For cases where compounding occurs multiple times within a year, say ‘m’ times, the formula can be adjusted. However, specific formulas for compounding multiple times are not fully detailed for single flows in the provided text beyond mentioning m. The concept of continuous compounding is mentioned, particularly in the context of derivatives. The formula for the terminal value (A) of an amount (P) invested at a continuously compounded rate of interest (r) for (t) years is given as A = P * e^(rt), where ‘e’ is the exponential constant.

An approximation for the time it takes for an amount to double at a given compound rate is the Rule of 72. You divide 72 by the rate of interest to get an approximate number of years for the investment to double. For example, at a compound rate of 12% per year, it takes approximately 72 / 12 = 6 years to double ₹5,000.

Future Value of Multiple Uneven Flows

If you have a series of cash flows of different amounts occurring over different periods, their future value is the sum of the future values of each individual cash flow compounded to the end of the final period.

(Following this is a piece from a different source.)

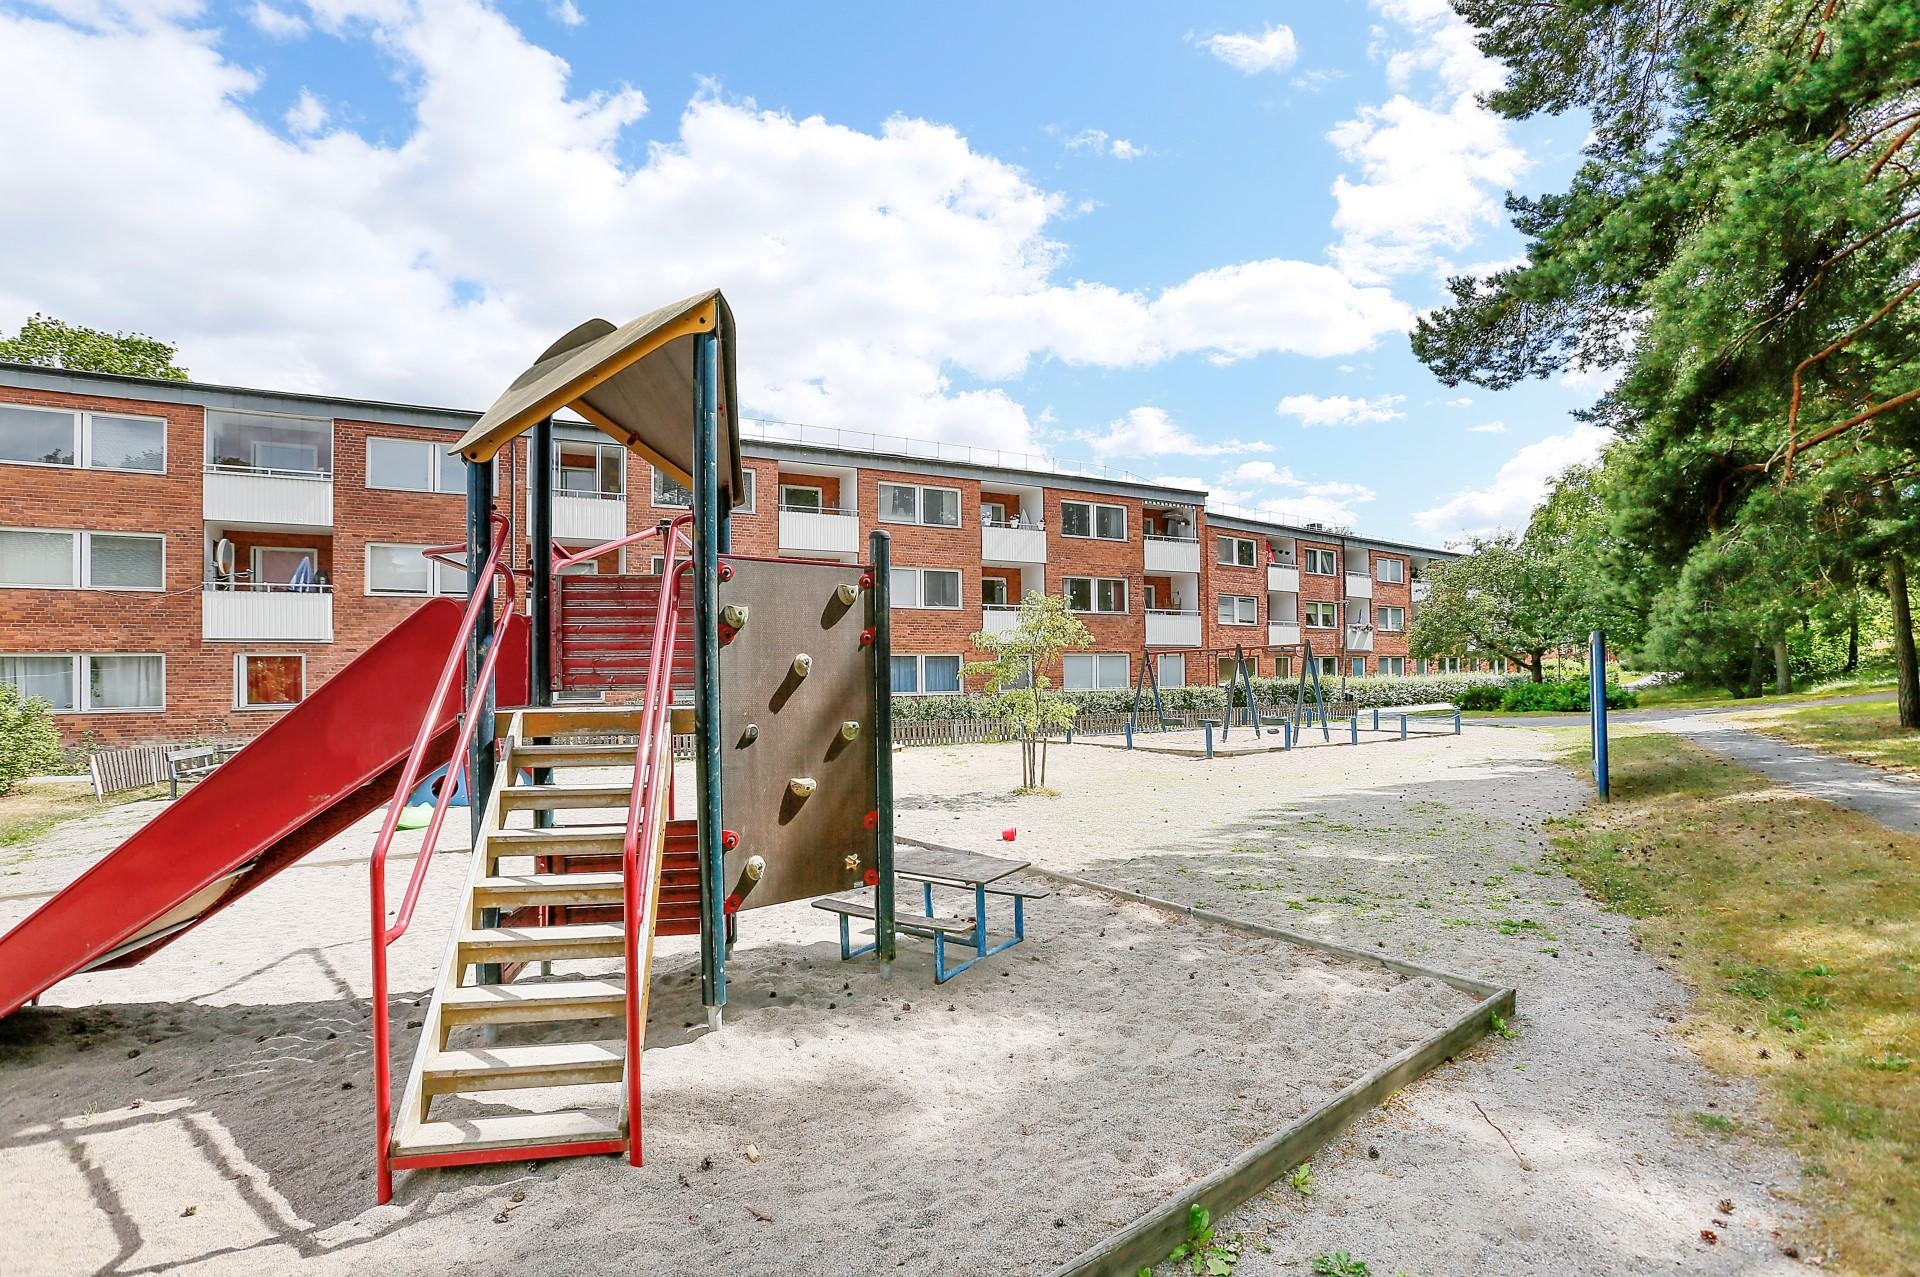 Jenny Nyströms gata 12 - Lekplats på innergården i anslutning till lägenheten

The formula is FV = PV1 * (1+r)ⁿ + PV2 * (1+r)ⁿ-1 + … + PVn * (1+r)¹ or more generally, FV = Σ At * (1+r)^(n-t) where At is the cash flow at time t.

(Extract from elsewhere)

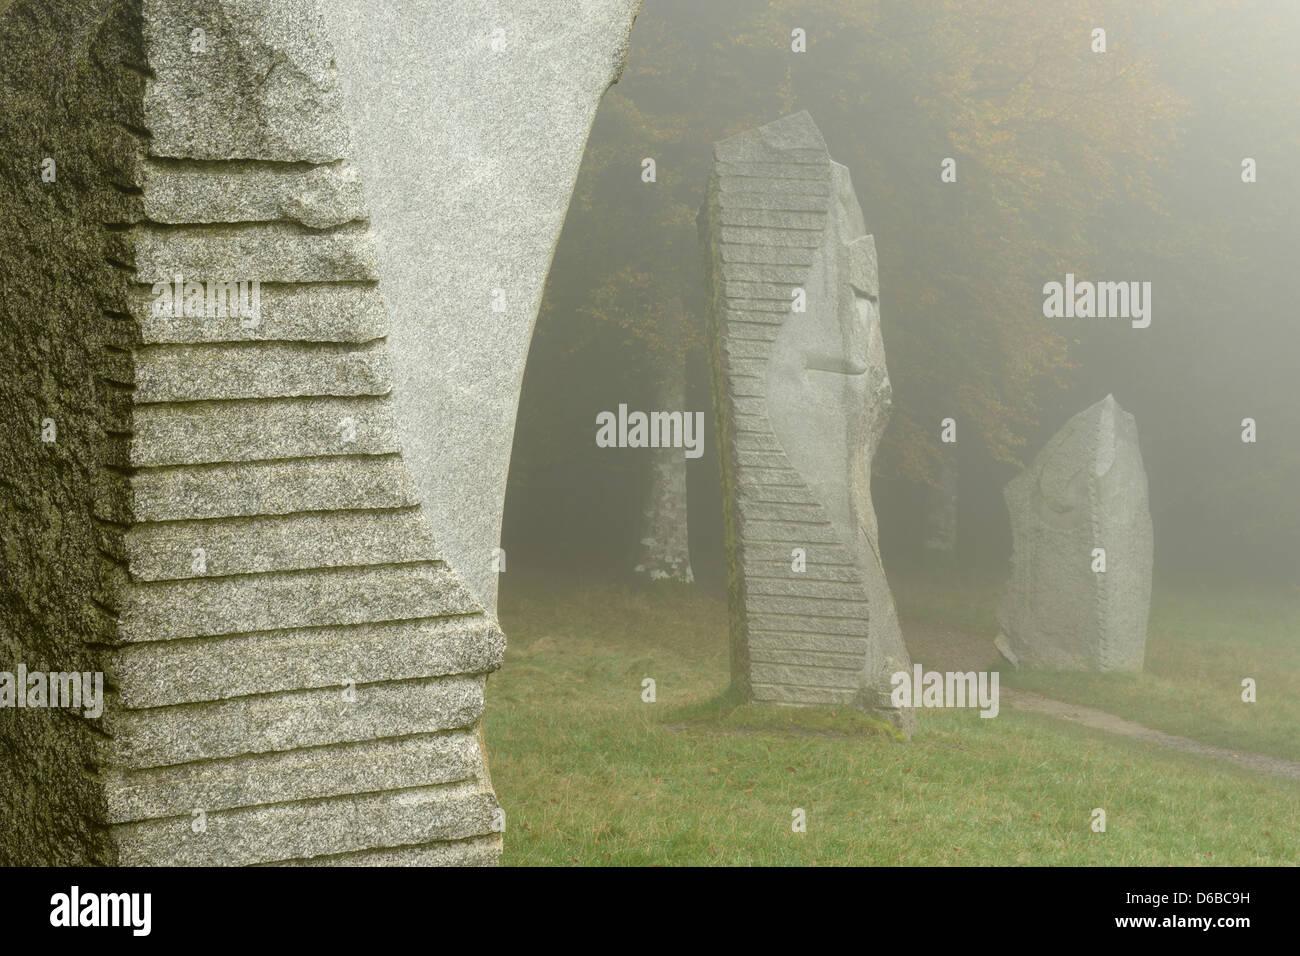 Pietre permanente a Heaven's Gate nel Longleat Estate, Wiltshire, Regno Unito. Le pietre sono state scolpite Immagini Stock

Future Value of an Annuity

An annuity is a series of equal payments or receipts occurring over a specified number of periods. If the cash flows occur at the end of each period, it’s called an ordinary annuity or regular annuity. If they occur at the beginning of each period, it’s called an annuity due. The sources primarily focus on the ordinary annuity.

The future value (FVAn or Sn) of an ordinary annuity where a constant periodic flow (A or R) is received or paid for ‘n’ periods at an interest rate ‘r’ or ‘i’ per period is given by the formula: FVAn = A * [{(1+r)ⁿ – 1} / r] or Sn = R * [((1+i)ⁿ – 1)/i]

Here:

• FVAn or Sn = Future value of the annuity which is the sum of the compound amounts of all payments and a duration of n periods.
• A or R = Amount of each instalment or constant periodic flow.
• r or i = Interest rate per period.
• n = Number of periods or duration.

The term [{(1+r)ⁿ – 1} / r] or similar variations is known as the future value interest factor of an annuity (FVIFAr,n or FVIFA(i,n)). Tables for FVIFA(i,n) are available.

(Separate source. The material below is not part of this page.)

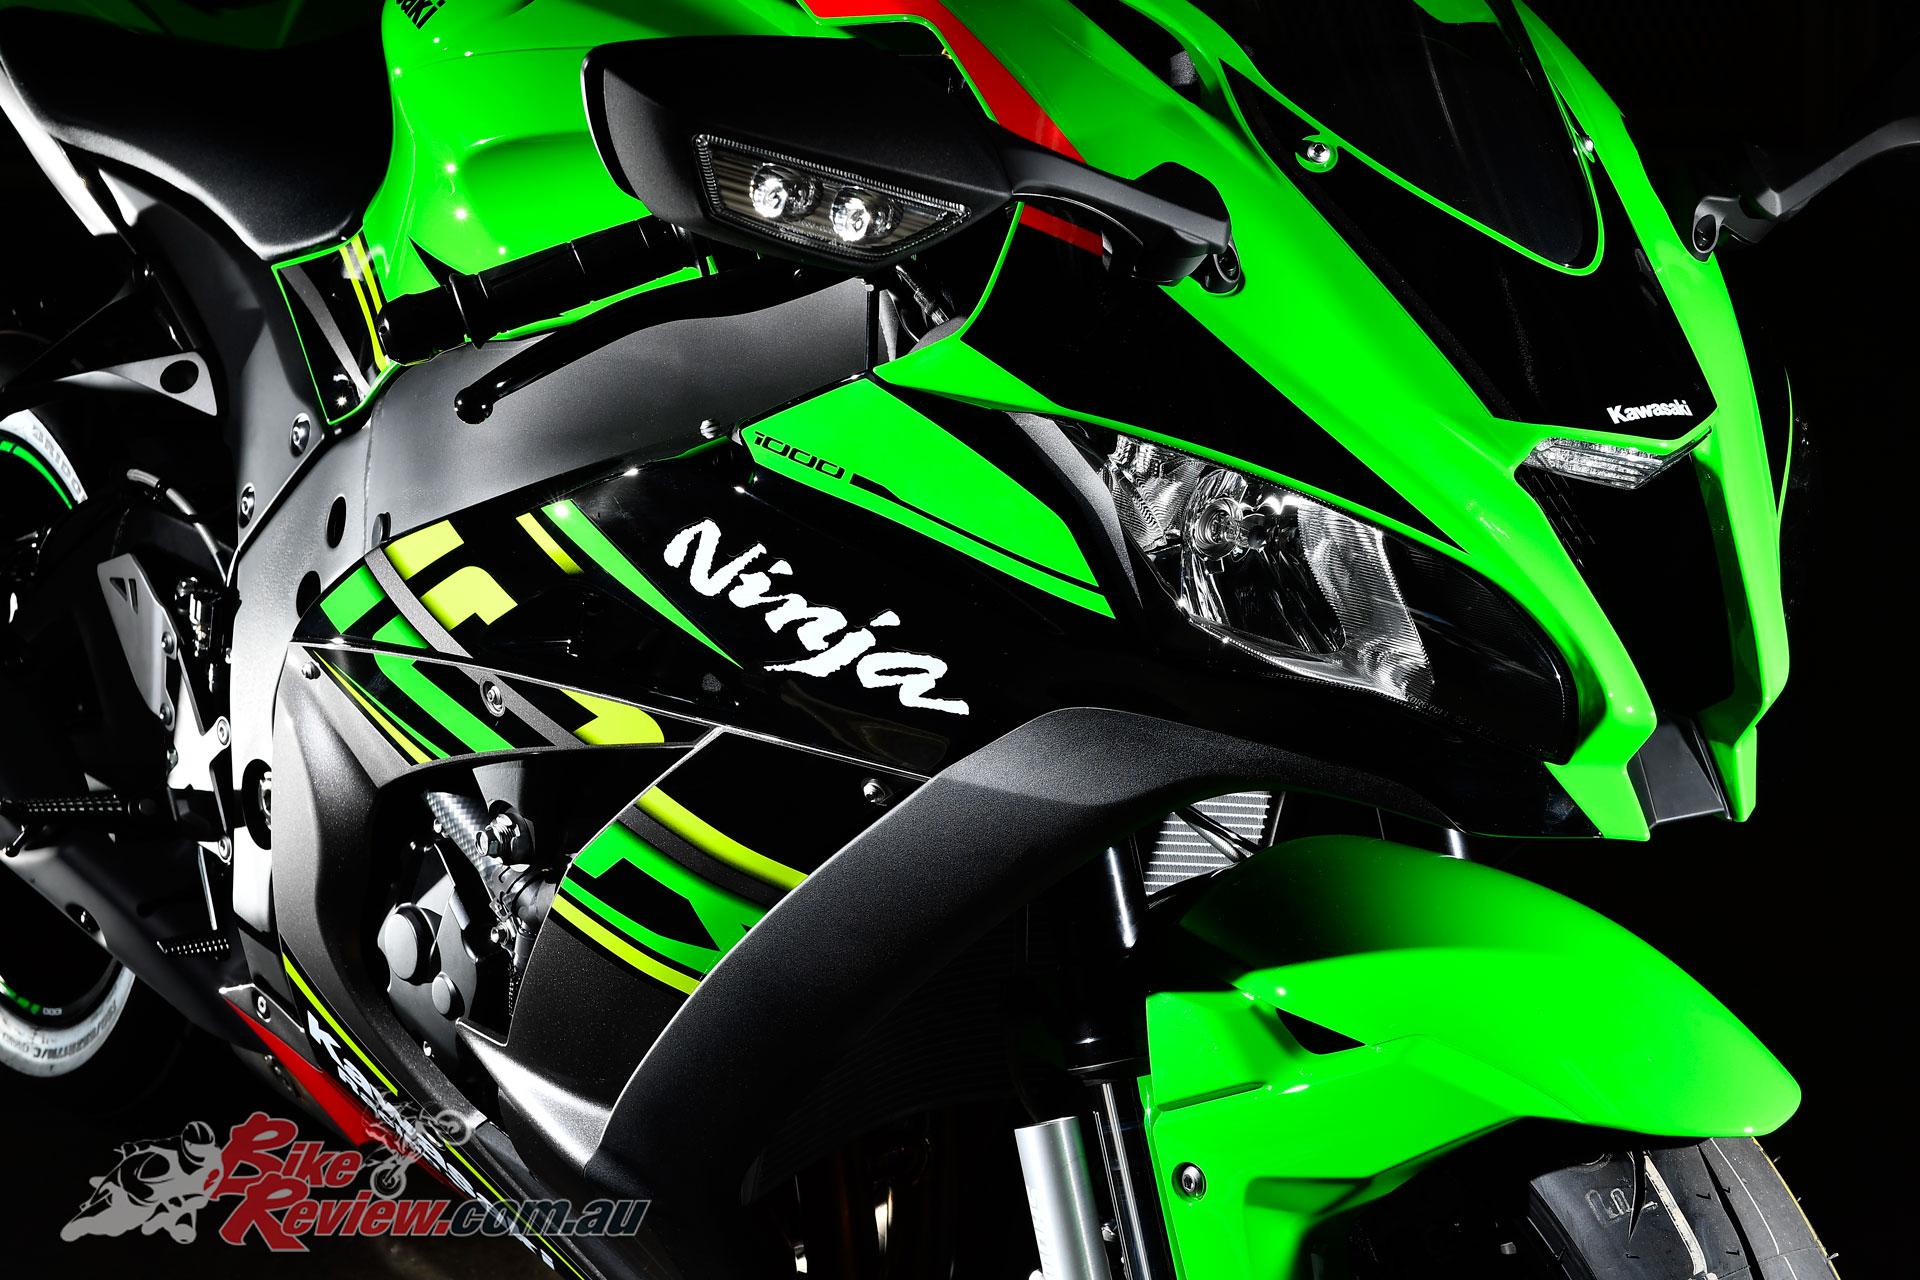 Model Update: 2019 Kawasaki Ninja ZX-10R, ZX-10RR, ZX-10R SE

Examples from the sources illustrate the calculation of future value for an annuity:

• Suppose you deposit ₹1000 annually in a bank for 5 years at a compound interest rate of 10%. Assuming deposits occur at the end of the year (ordinary annuity), the future value will be:
  • Using the formula: 1000 * [{(1.1)⁵ – 1} / 0.1] = 1000 * [{1.61051 – 1} / 0.1] = 1000 * [0.61051 / 0.1] = 1000 * 6.1051 = ₹6105.1. Note: The provided source calculation shows a slight discrepancy 1.6105-1= .615/.1= 6.105*1000= 6105. Another example uses ₹8,000 per period for 5 years at 10%, resulting in 8000 * 6.1051 = ₹48,841.
  • Using a future value interest factor table: The FVIFA for 5 years at 10% is 6.105. So, ₹1000 * 6.105 = ₹6105.
• Apex Ltd. needs to accumulate ₹50 crore in 6 years and deposits annually into a sinking fund earning 12% interest. To find the annual deposit amount, you would use the future value of an annuity formula, rearranging to solve for A: A = FVAn / FVIFA(r,n). The FVIFA for 6 years at 12% would be needed from a table or calculated.

In summary, Future Value is the value of money at a point in the future, calculated by compounding current or periodic cash flows at a given interest rate. It is a crucial tool in financial management for understanding how investments grow over time.